Mr. Edward SMITH, as Clerk to the Town Commissioners, summoned John Migarahan on a charge of having, on the 8th instant, obstructed the public pass leading from the main street of the town of Cavan.

The Inspector of Nuisances proved the obstruction.

Dr. Babington reminded the defendant that the Town Commissioners had the power of removing obstructions from the streets.

The defendant, who, it appears, is a "Cobbler" by trade, said that the place for which he had been summoned, was one in which he and others had been in the habit of working in the last 15 years. Dr. Babington informed the Bench that those persons had not been disturbed by the Commissioners up to the present, but one or two of them used very improper language, and some of the inhabitants memorialled the Town Commissioners to have them removed on account of the grossness of the language that had been made use of...The Inspector of Nuisances said, that he had spoken to two of the complaining parties and they refused to attend the court.
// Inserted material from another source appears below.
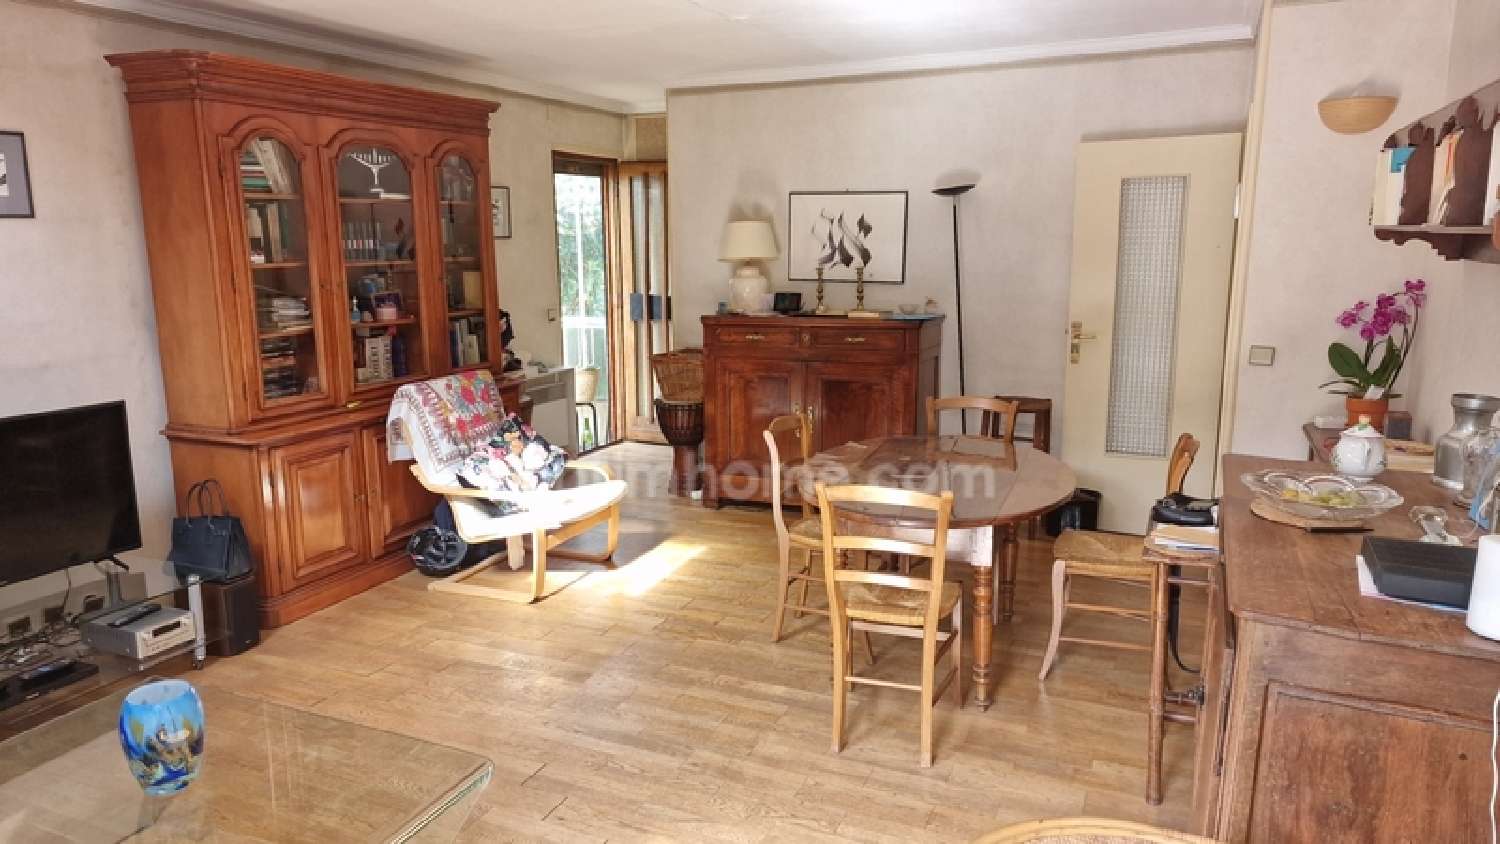  à vendre maison Pierrefitte-sur-Seine Seine-Saint-Denis 3

The summons was therefore dismissed.

Another case at the suite of the Commissioner was one of nuisance, in which Charles SHERIDAN complained that John CAHILL had a dungheap in his yard, the liquid portion of which flowed into a house in his possession, the floor of which was lower than the yard. The cause of complaint was admitted, but on proof being given that it had been that morning removed, the case was dismissed.

October 31, 1857


John Walsh M'MASTER, Esq., had been appointed magistrate for the county Down, on the recommendation of the Marquis Donegal, Lieutenant of the county.

The Lord Chancellor has been pleased to appoint George CONCHY, Esq., Edenmore, county Longford, a magistrate for county Longford, on the recommendation of Colonel WHITE, Lieutenant of the county.


His Grace, the Archbishop of Dublin, has conferred the vacant living of Naule upon the Rev. Daniel MOONEY, we believe upwards of 20 years the senior curate of St. Mary's parish. A movement has already been originated amongst the parishioners to present him with an address and piece of plate in token of their regard. The Rev. Alexander LEEPER succeeds by this change to the position of the Rev. D. MOONEY; and it is understood that the Rev. T. TOMLINSON, late curate of Bray, has been appointed curate of St. Mary's parish by the rector, the Rev. R. S. ABBOTT.